People, more and more, want to know what they are eating and where it comes from, he said.  In small-scale home food production there is usually very little to no economic benefit.
Amy Gernhardt, who lives just outside of Cedar Key, is one of those new breeds of people who have an interest in home food production.  She started raising chickens for eggs and meat about six years ago.
“I had never raised chickens before,” she said.  “We were basically looking at ways we could have a more sustainable lifestyle.  Chickens seemed to be a good way to do that.”
It wasn’t easy at first, she said.  Predators were constantly picking off the fowl.  “Once we built a pen, completely enclosed, we were able to get a handle on the chickens.”
Drew said predators can be a big problem for people wanting to keep chickens, especially if they are frequently allowed to run loose in the yard.  Hawks and other predatory birds, raccoons, skunks, weasels, foxes, opossums and even snakes, who prey upon the chicks and eat the eggs, can all be an issue.
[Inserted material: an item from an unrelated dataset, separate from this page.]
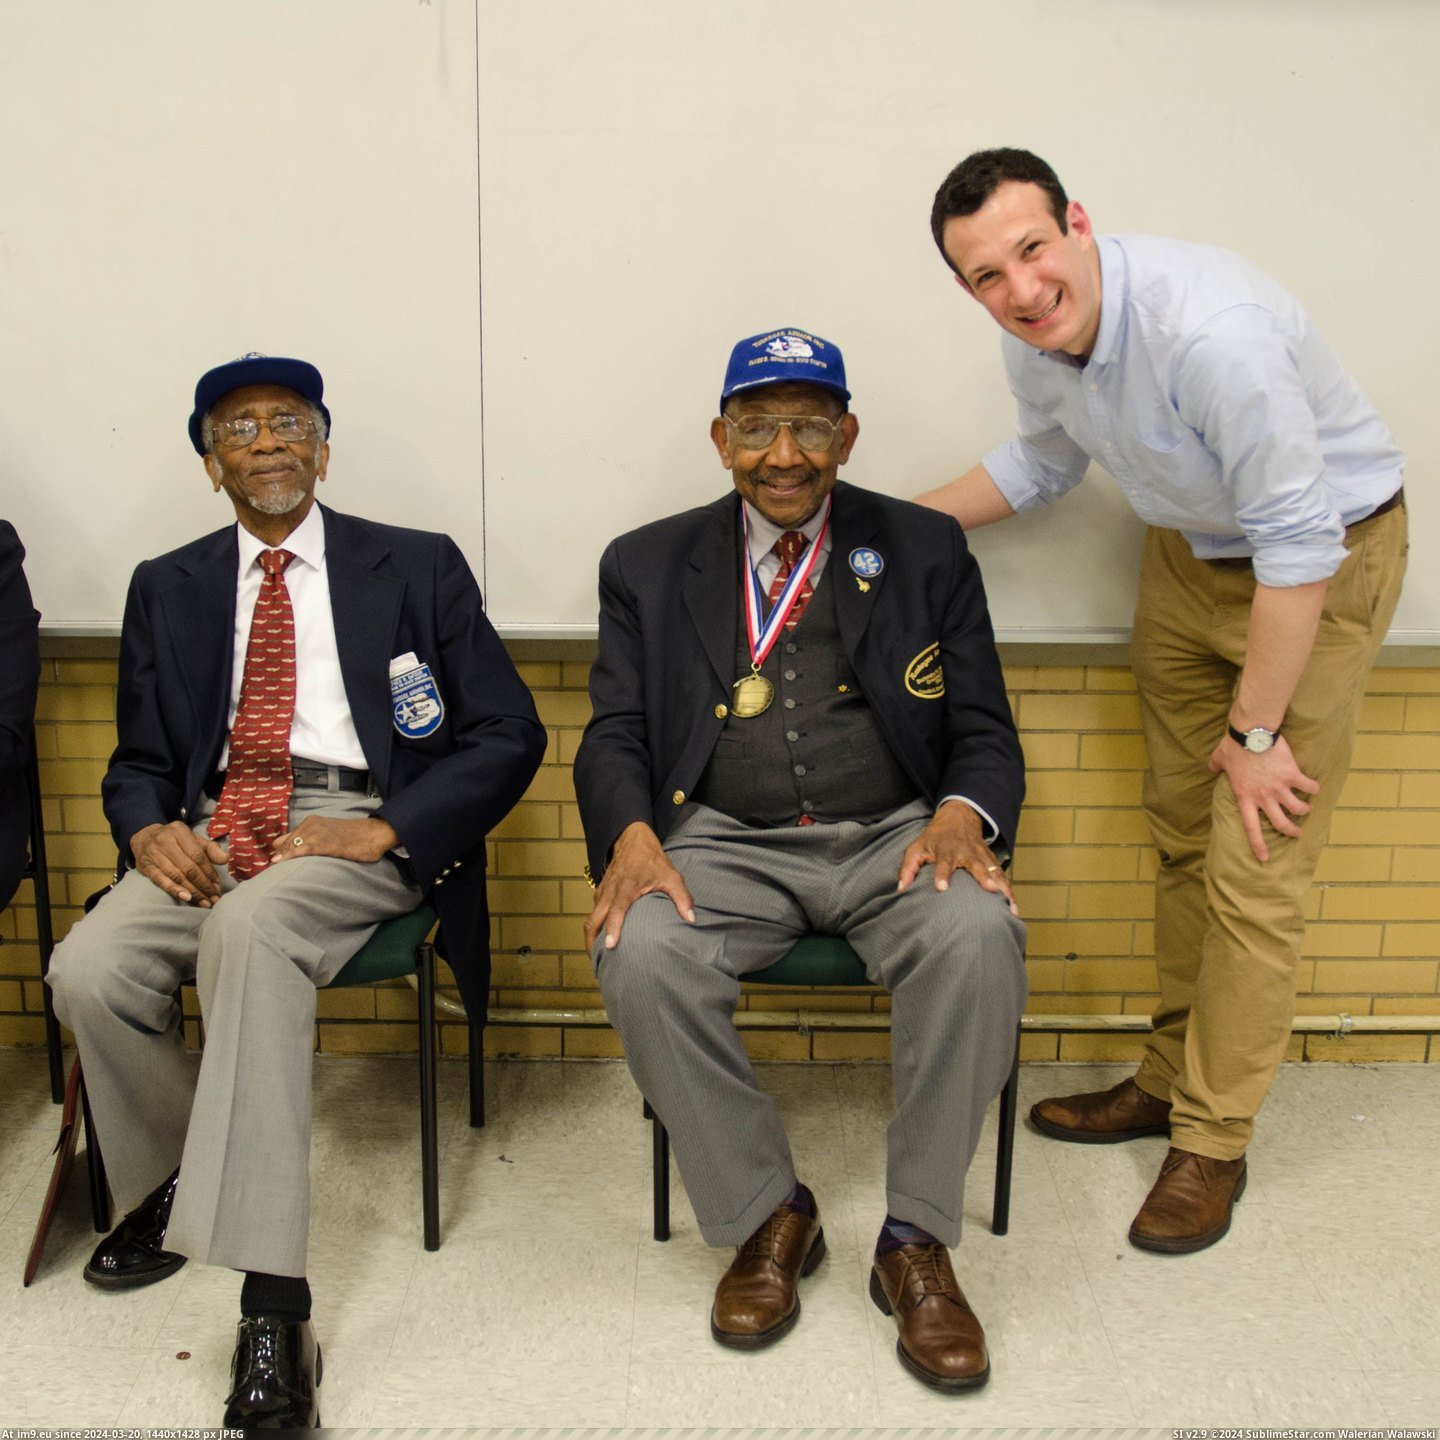 #Was #Teacher #American #Airmen #Tuskegee #History #Classes #Speak [Pics] I'm an American history teacher and was able to get 2 Tuskegee Airmen to come speak to my classes today Pic. (Obraz z album My r/PICS favs))

Gernhardt’s chicken pen measures about 16 feet by 30 feet, she said.  It’s completely covered in chicken wire, even on the bottom, which prevents predators from digging underneath.  She keeps about 17 chickens in it, though she admitted the size of her pen is a bit bigger than most people would have for that number, especially if they are allowed to roam free.  But even if the birds are allowed to roam free during the day, they need to have a coop where they can be safe from predators at night.
Other than housing accommodations, another factor to consider if wishing to raise chickens is the type.
“One of the breeds, in my opinion, that is well-adapted and a large breed that will do meat and eggs are sex-linked chickens,” Drew said. Sex-linked chickens are a breed that, when chicks, exhibit different coloration depending on the sex of the chick.
“But there are many different breeds that are acceptable,” he said.  “It just depends on what you’re after.”
Gernhardt said she mostly keeps Wyandottes, Rhode Island Reds, White Leghorns and Astralorps, the latter being good egg layers well adapted to warm climates. She said she’s lost some of the Wyandottes to hot weather in the past.
Food is another consideration.  Gernhardt said she spends about $40 a month on a high quality chicken feed, which is hormone and antibiotic free.  But, she added, “Good, fresh water is the main component.” Water dispensers or containers should be cleaned regularly.
Drew said there are lots of brands and types of chicken feed.  Selection depends on whether you’re using the birds for their eggs or for their meat.  Chickens that lay eggs also need a source of calcium in their diets such as oyster shells, though Drew said many of the high quality feeds on the market already contain calcium.
And, of course, if the chickens run free they will find lots of things to eat in your yard or on your property.
“Chickens are wonderful natural biological control agents of all kinds of critters,” Drew said.  However, he added, they can also wreak havoc on your landscape if permitted to get near gardens, shrubs or flowers.  That can also be an issue if you have neighbors, and it’s a good idea to check the zoning laws where you live to make sure it’s legal to keep chickens on you property.  Most homes within city limits are not zoned for such activity.
Drew said it’s also recommended that people wishing to purchase chicks buy them from a certified hatchery to reduce the risk of health problems, especially if you have an existing flock.  
“Avoid going down the street to where you see chickens for sale.”
Despite all the concerns and preparation it takes to be a successful small-time chicken farmer, there are many rewards, according to Gernhardt.  She said she prefers the taste of her homegrown eggs to that offered in stores.  She uses the chicken manure as fertilizer and the chickens help clean her garden at the end of each growing season.
She also enjoys watching the chickens interact with each other, she said.
“We’ve got a rooster that will get oak leaves from the trees and give them to the hens.  Now that’s a good chicken.”